_Problem to work on_
The answer must consist solely of the lines below starting at the one containing "WLAN radiator thermostat" and ending at the one containing "WEATHER ACTIVITIES PC", repeated exactly, with both ends included and all pictures omitted.

_Provided material_
-=-=-

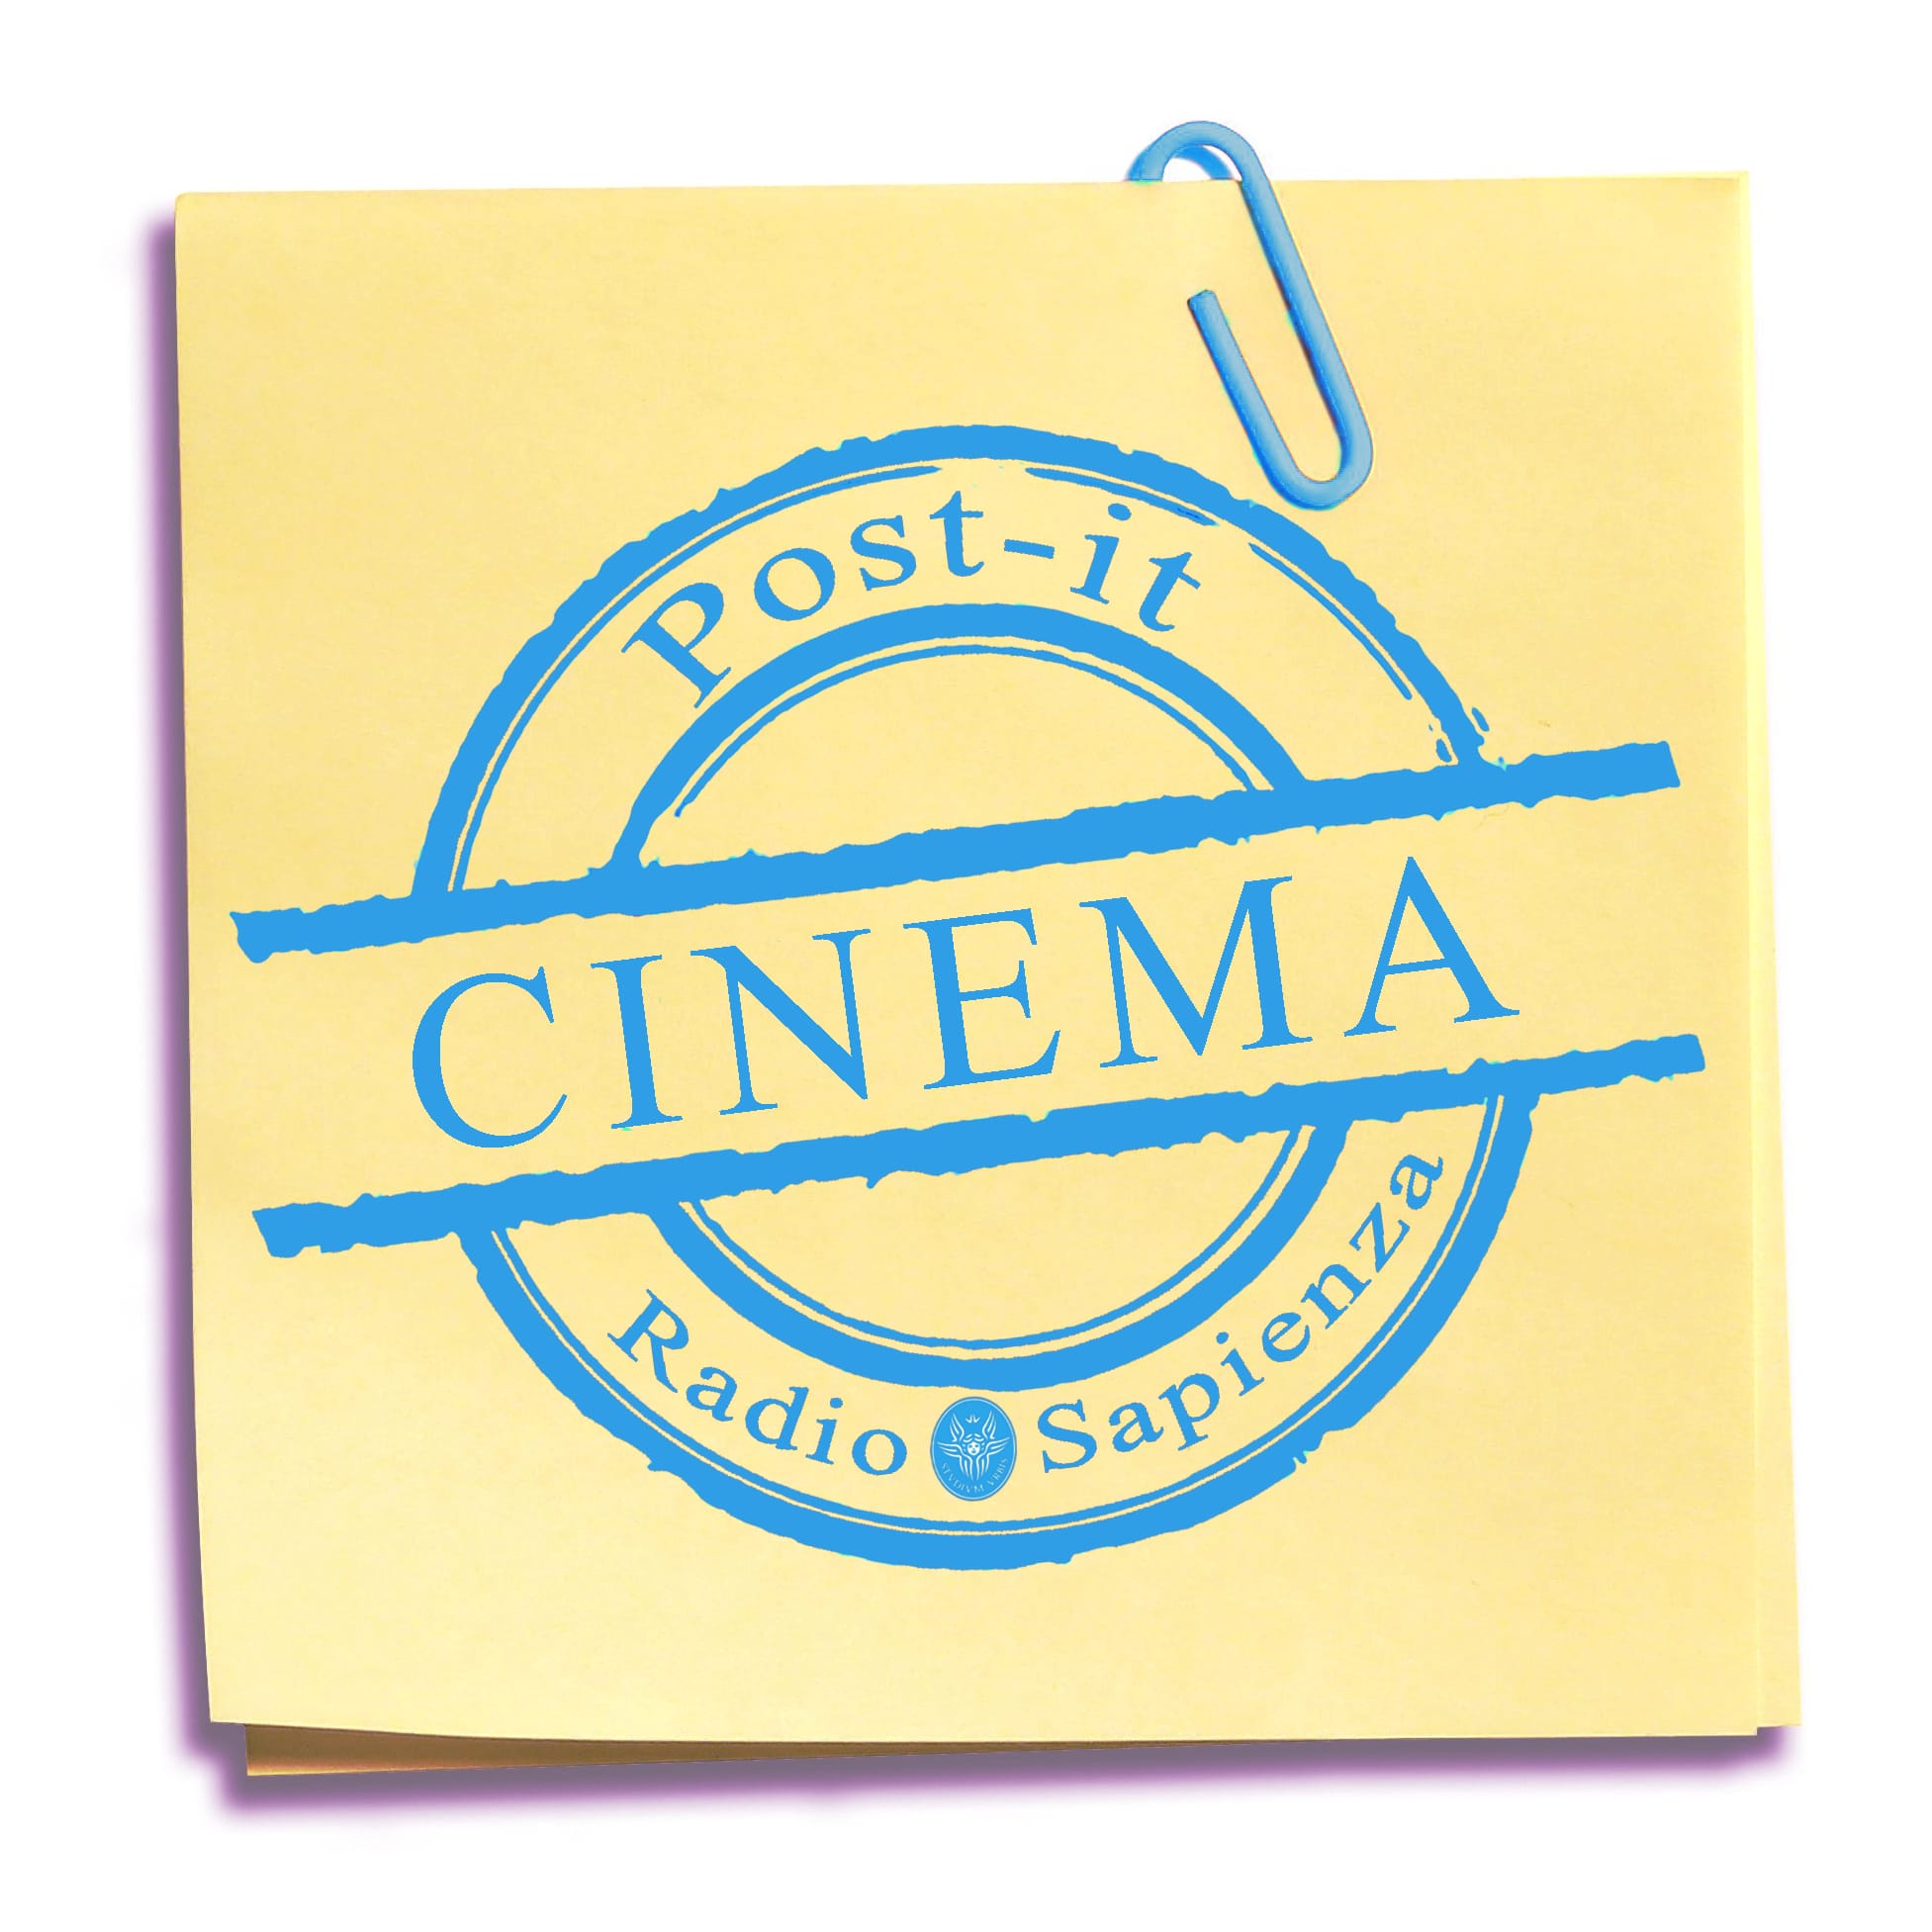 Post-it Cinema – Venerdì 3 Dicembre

-=-=-

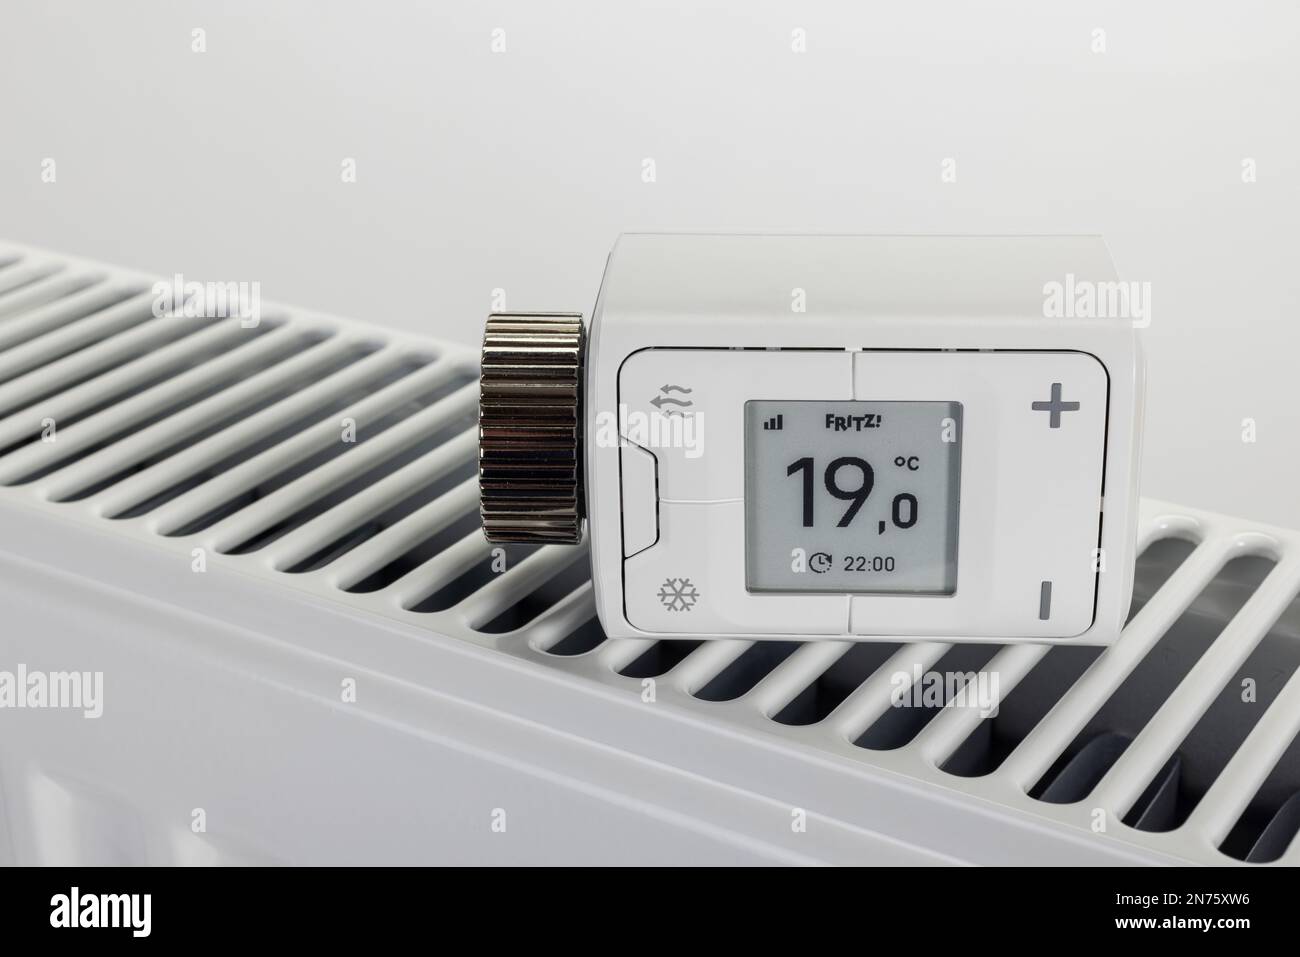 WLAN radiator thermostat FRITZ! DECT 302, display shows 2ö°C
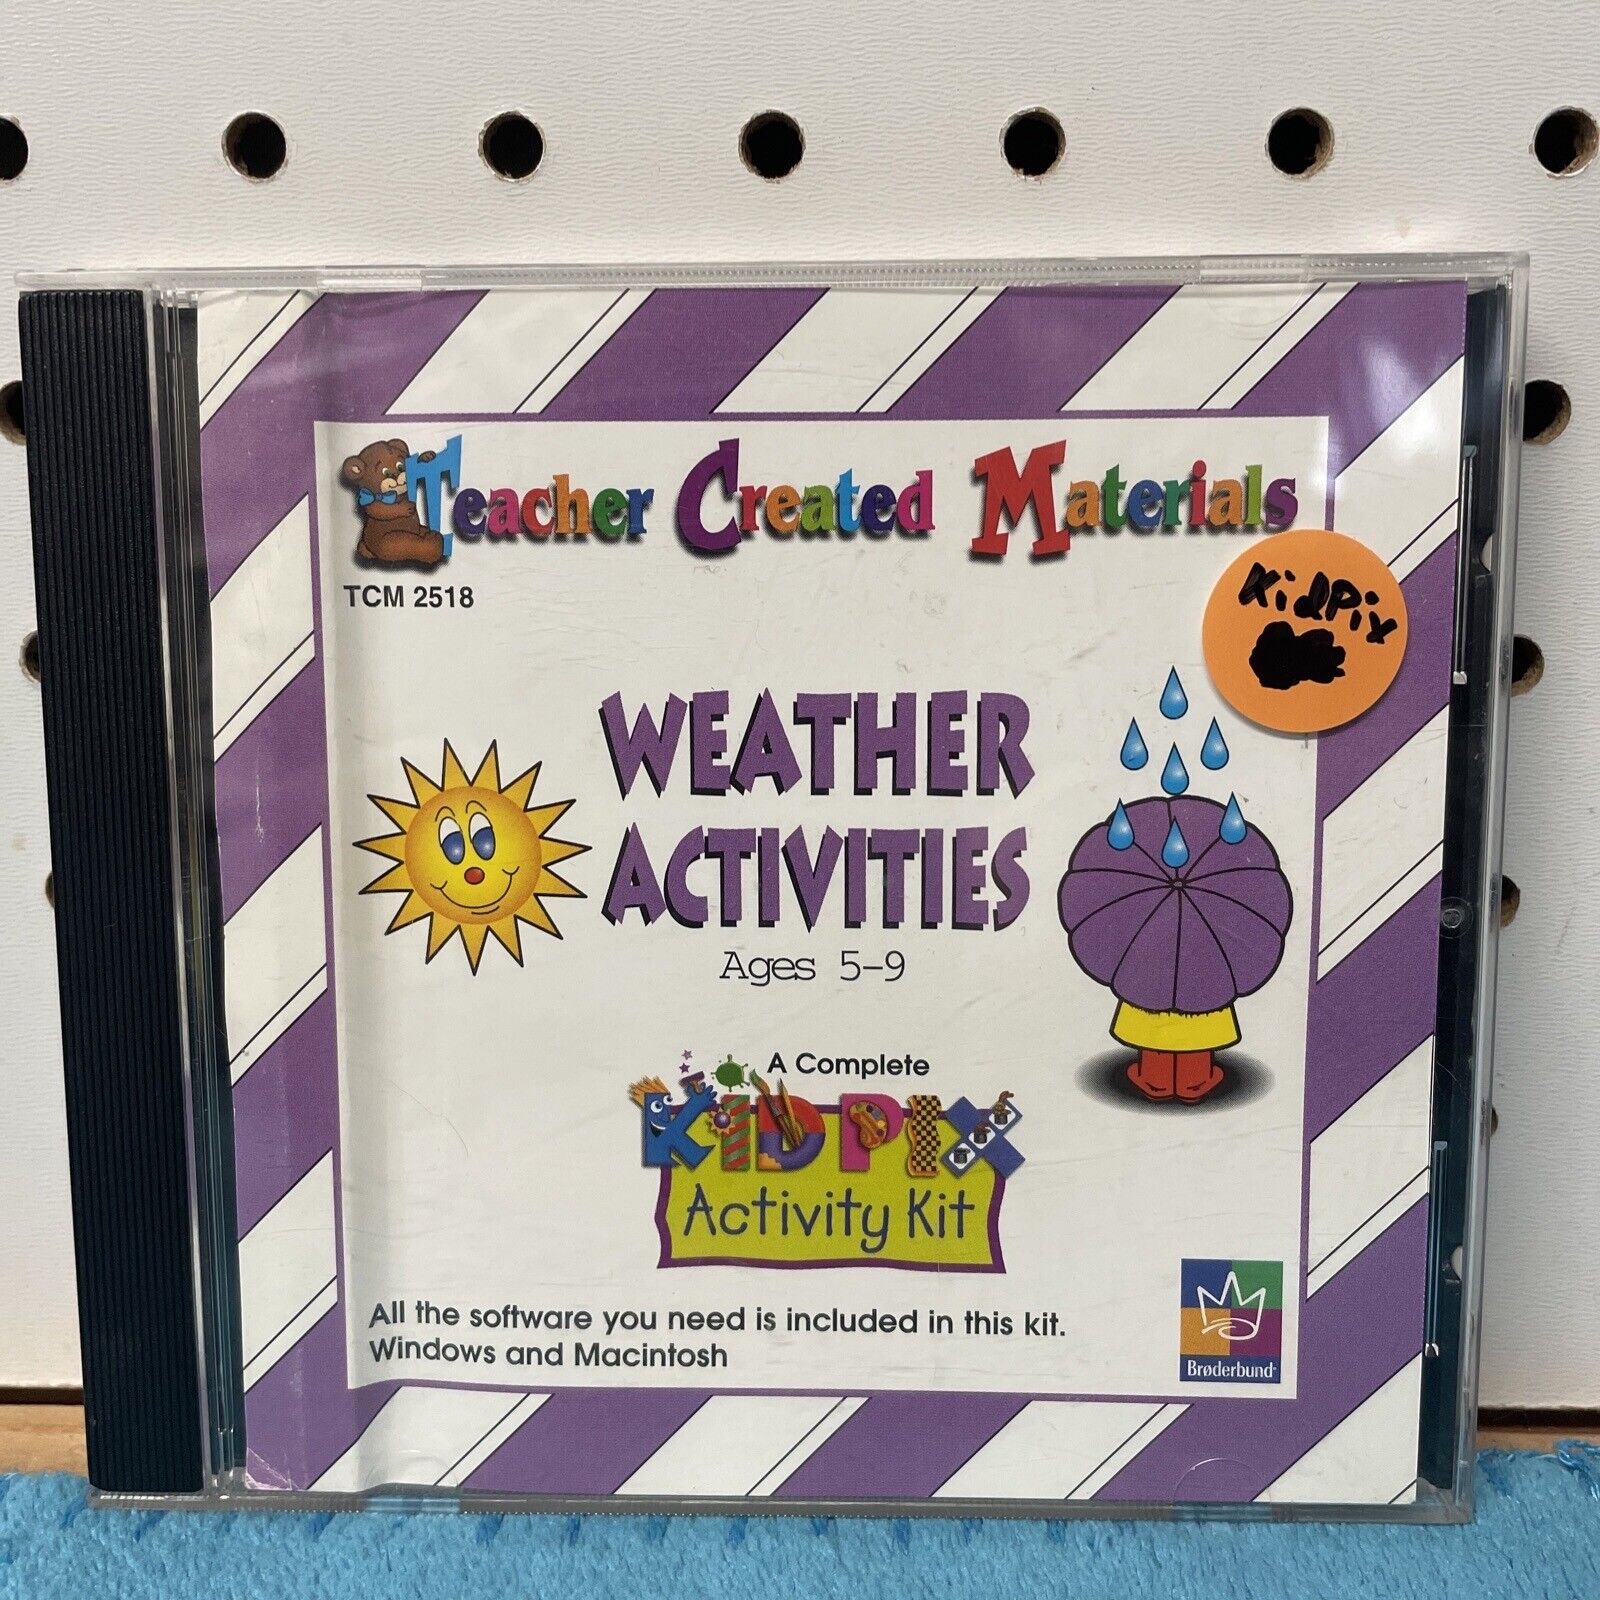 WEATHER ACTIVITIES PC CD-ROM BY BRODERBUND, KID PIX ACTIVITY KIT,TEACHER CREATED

-=-=-

_Answer for this exercise_
 WLAN radiator thermostat FRITZ! DECT 302, display shows 2ö°C
 WEATHER ACTIVITIES PC CD-ROM BY BRODERBUND, KID PIX ACTIVITY KIT,TEACHER CREATED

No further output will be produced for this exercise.